What you are asked to do: The material below should be copied line for line, please, with pictures omitted.

Data shown:
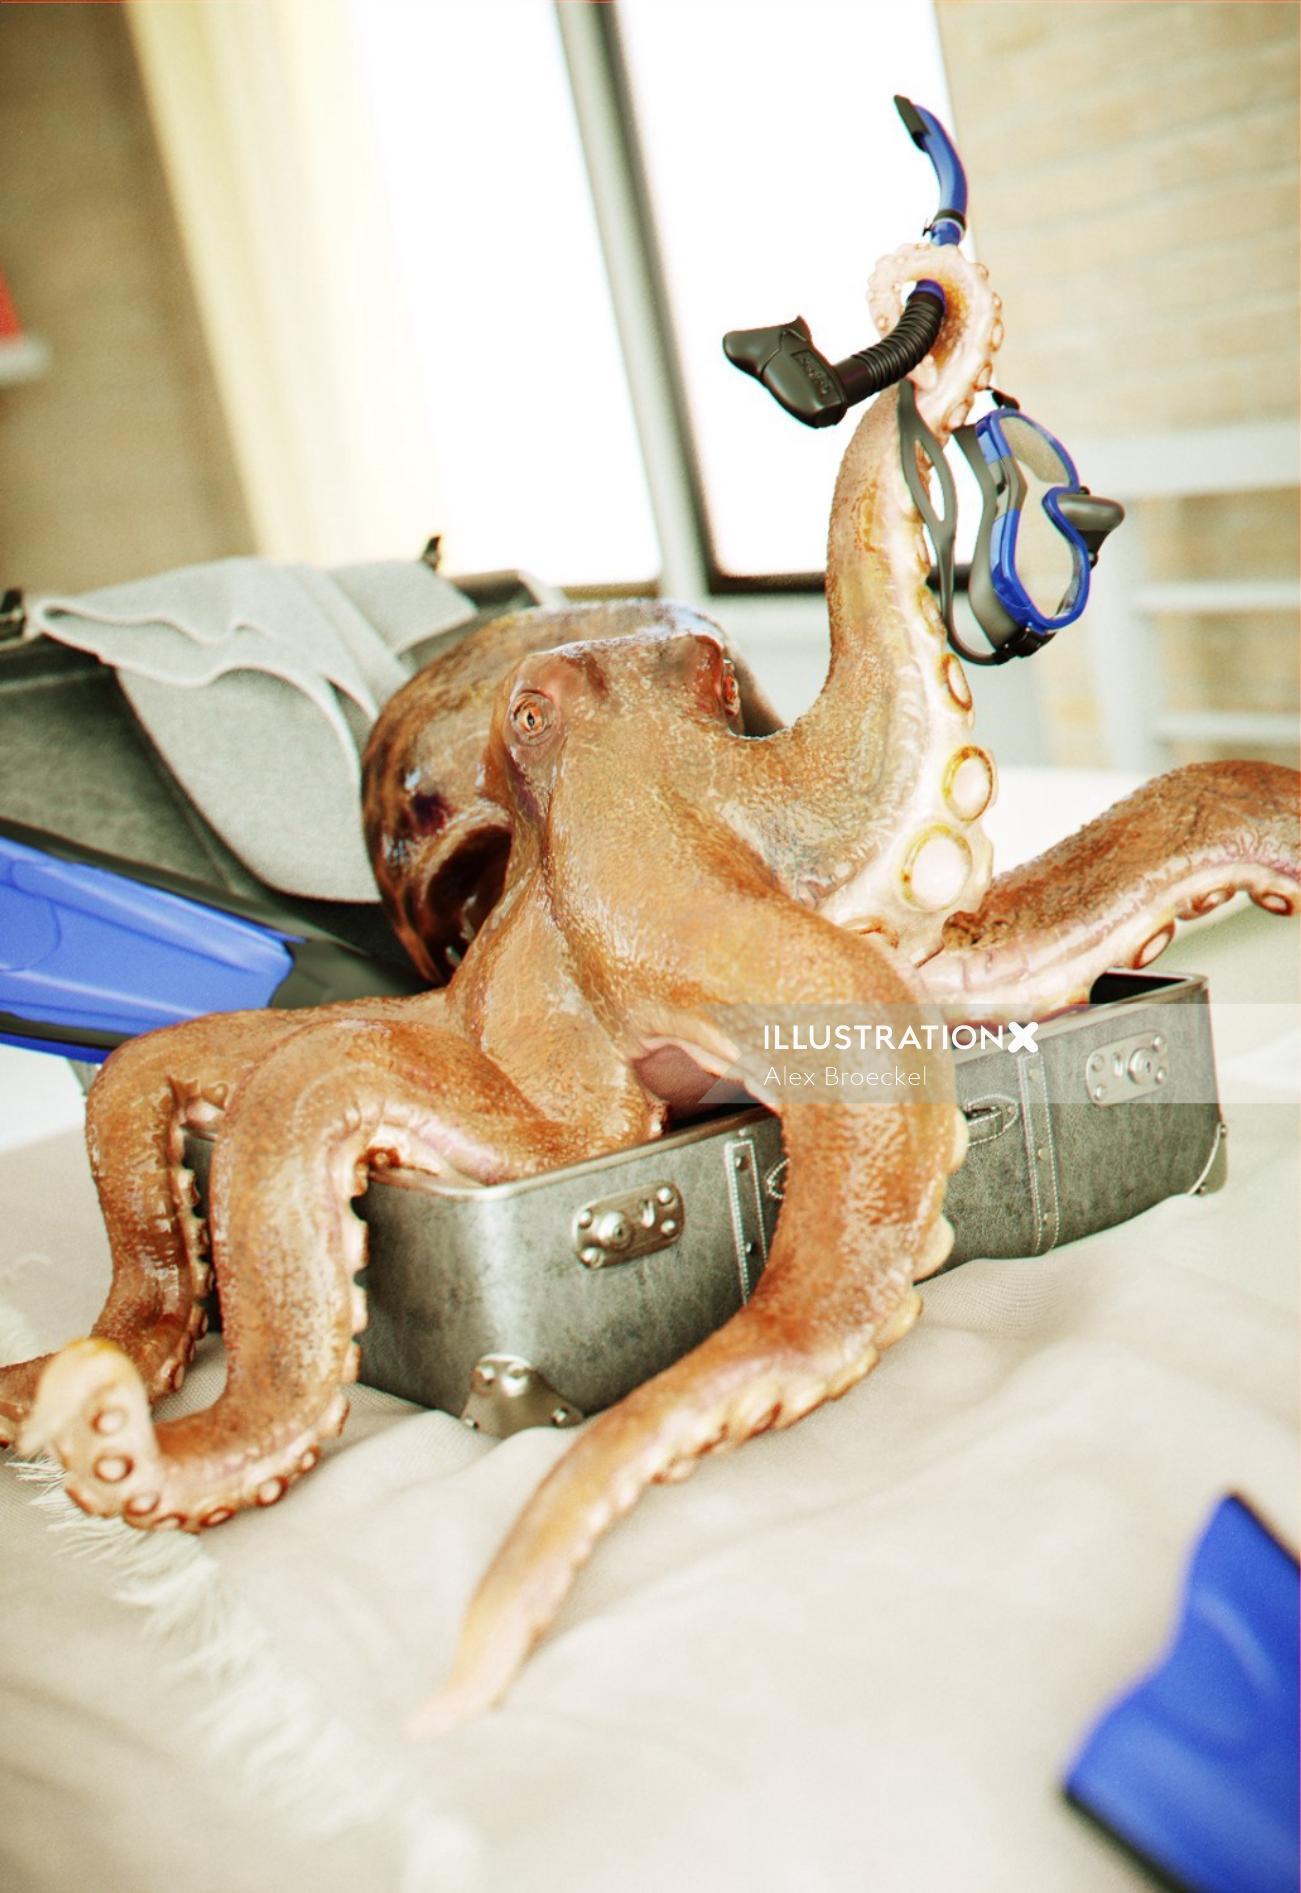 Photorealistic Illustration of Octopus
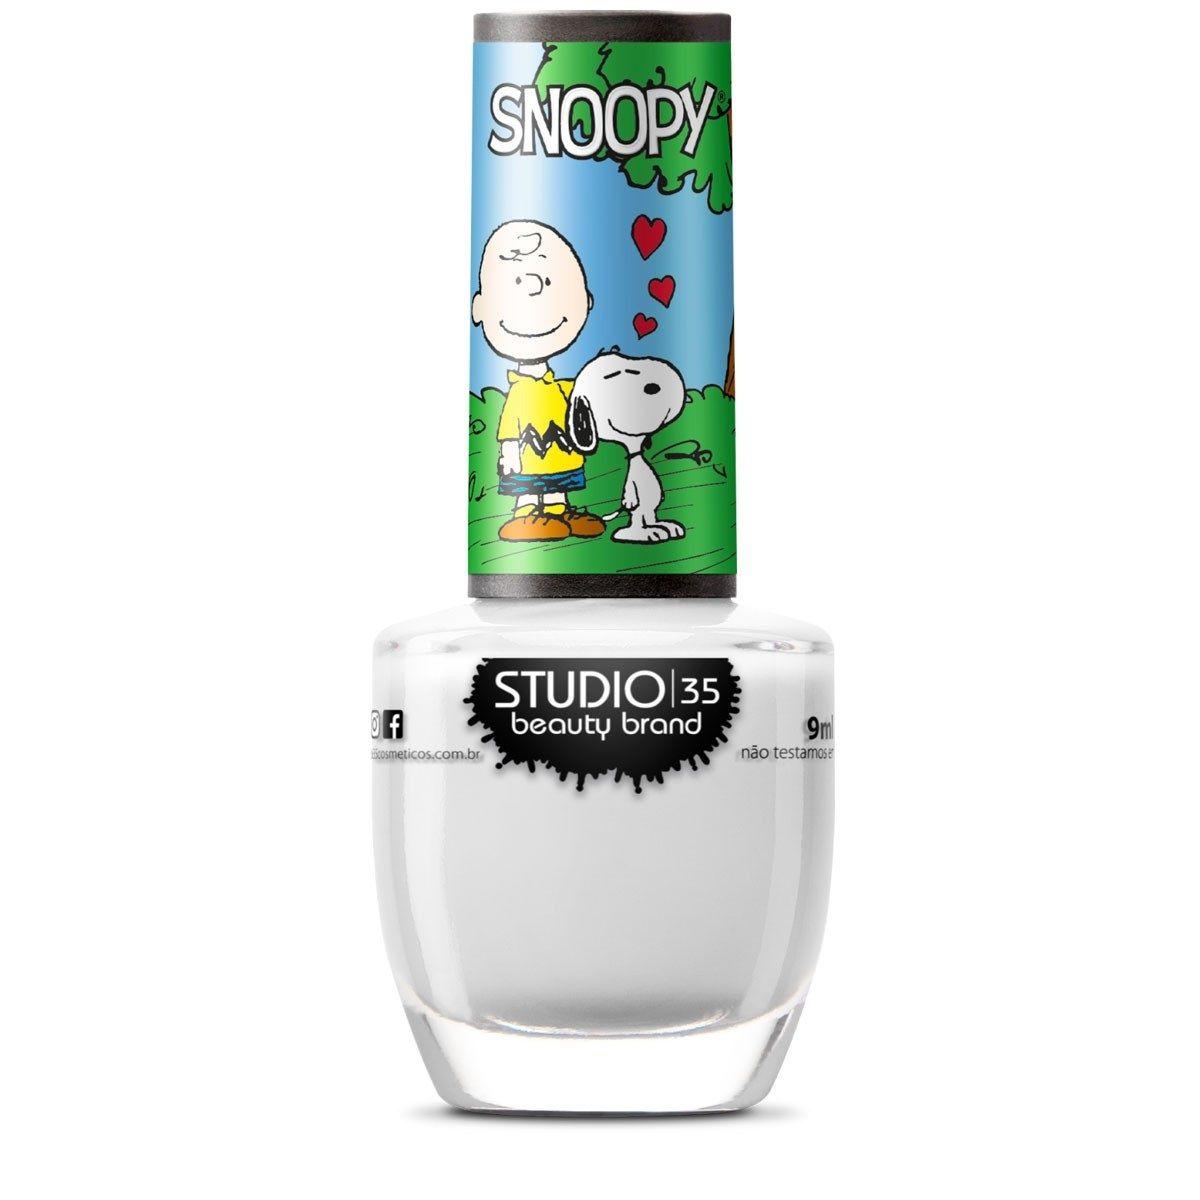 Esmalte Coleção Snoopy Cor #amocharliebrown -  9ml-Studio 35
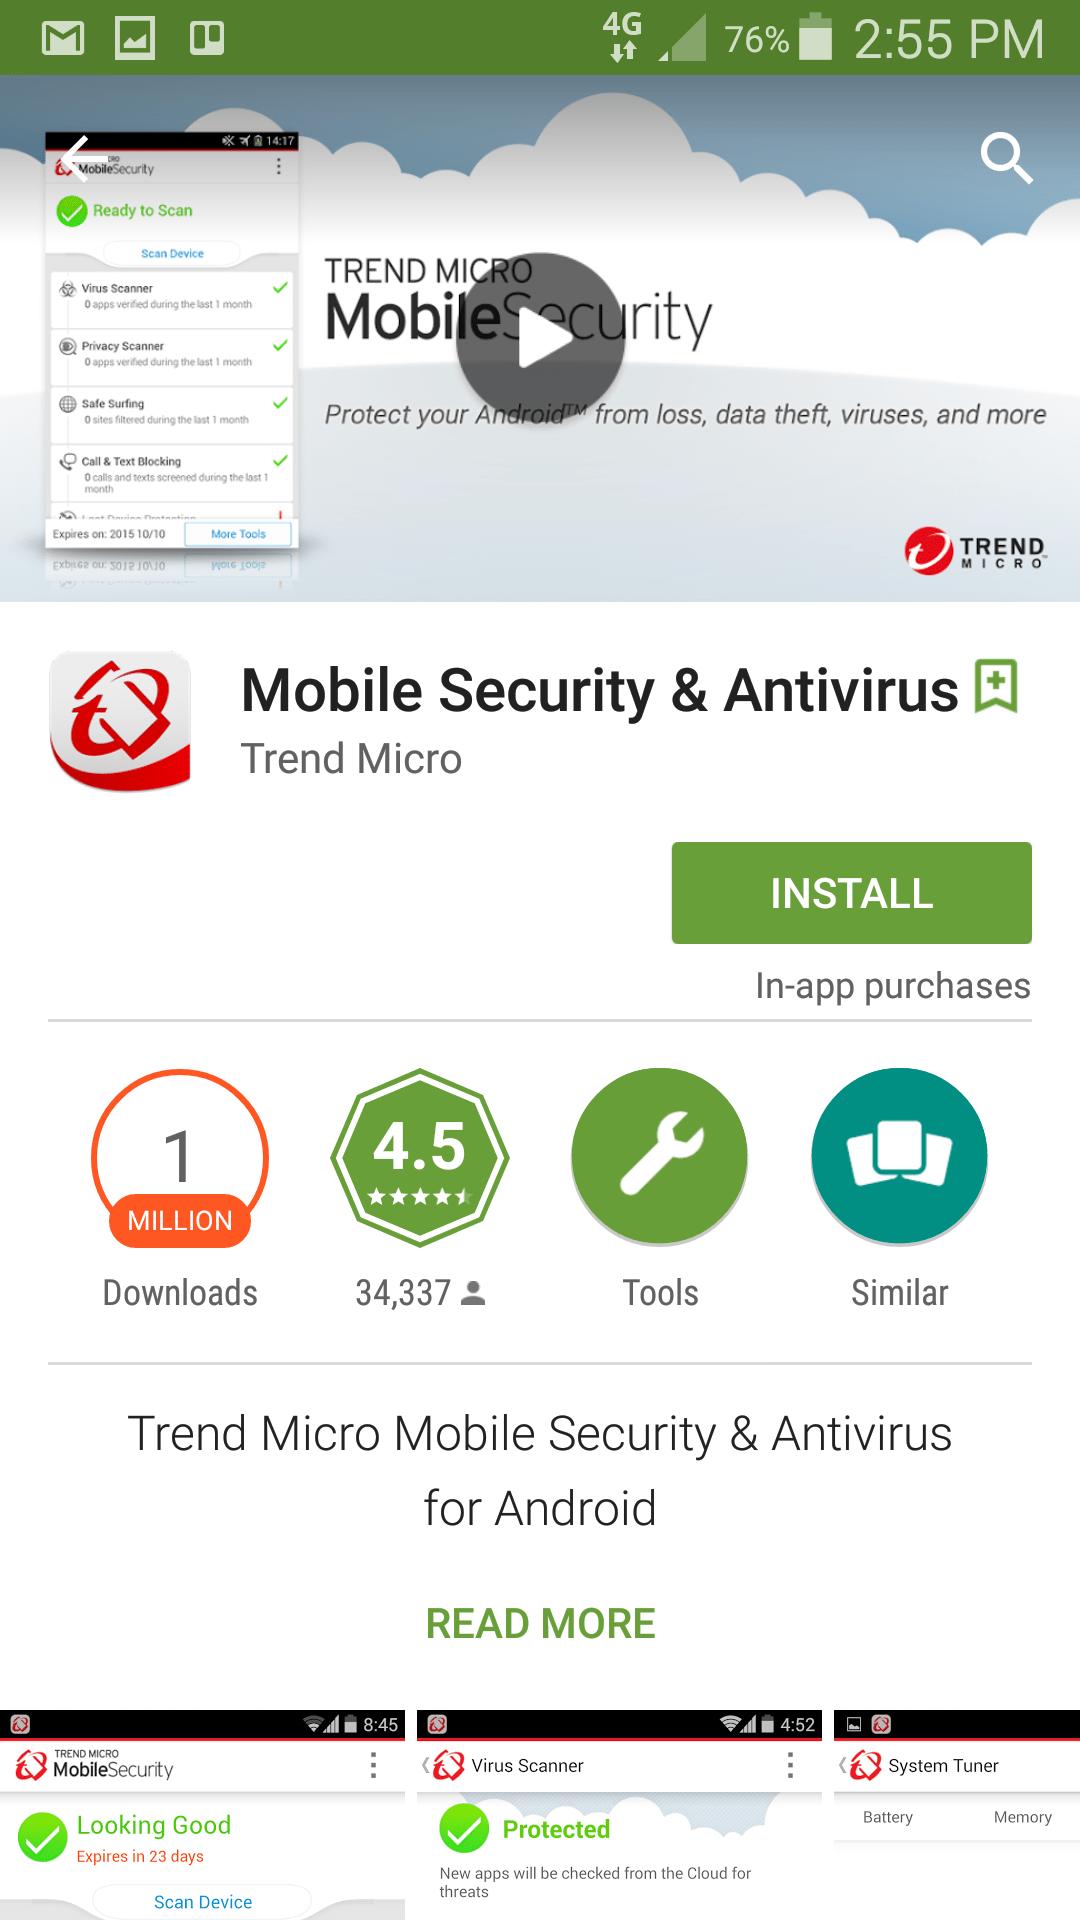 Trend Mobile Security Download App
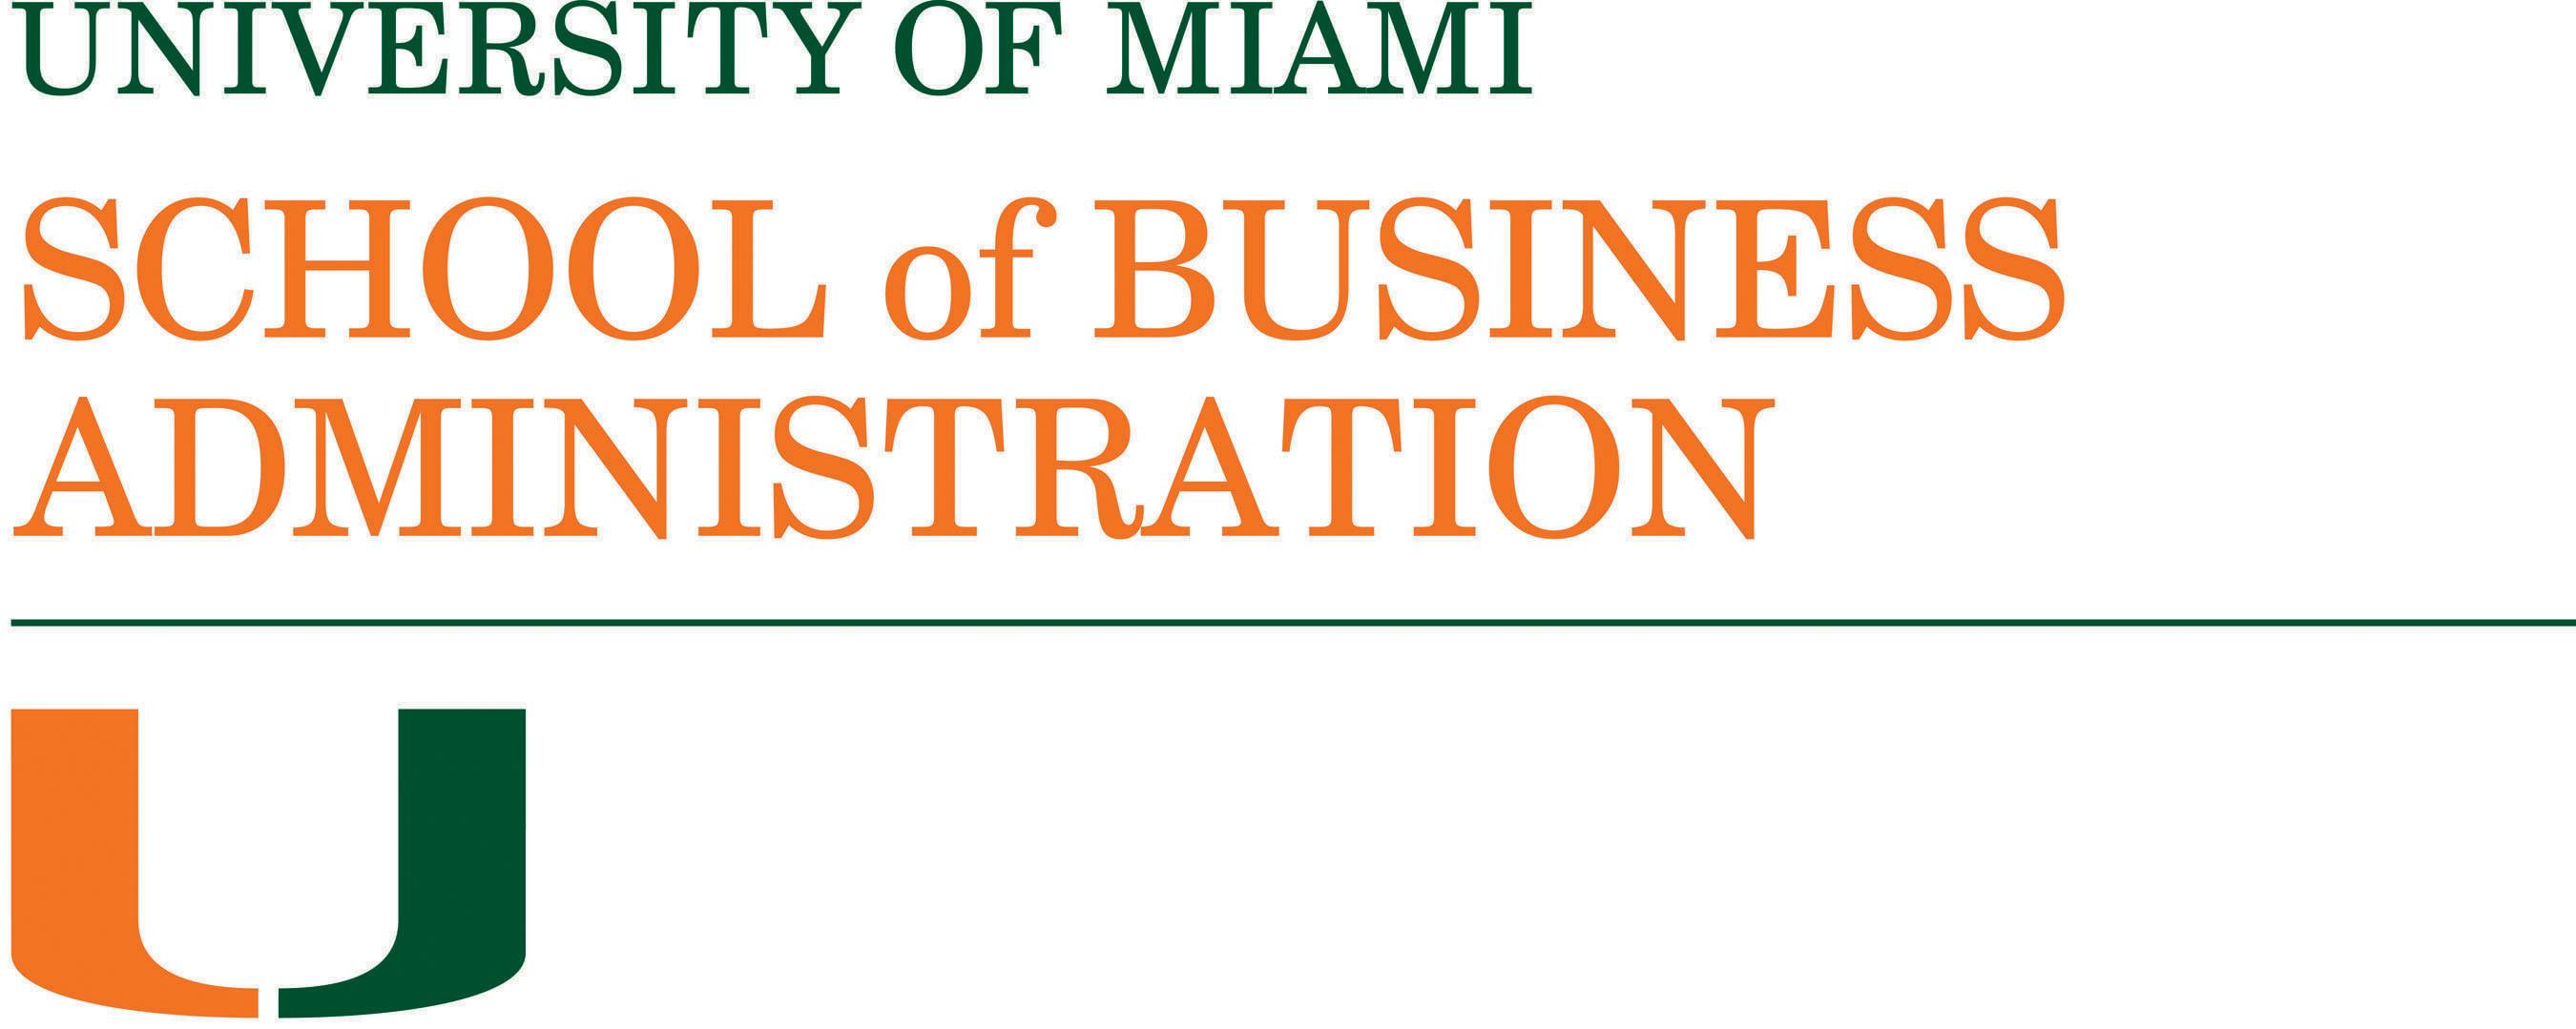 University of Miami School of Business Administration Logo.

Written reply:
 Photorealistic Illustration of Octopus
 Esmalte Coleção Snoopy Cor #amocharliebrown -  9ml-Studio 35
 Trend Mobile Security Download App
 University of Miami School of Business Administration Logo.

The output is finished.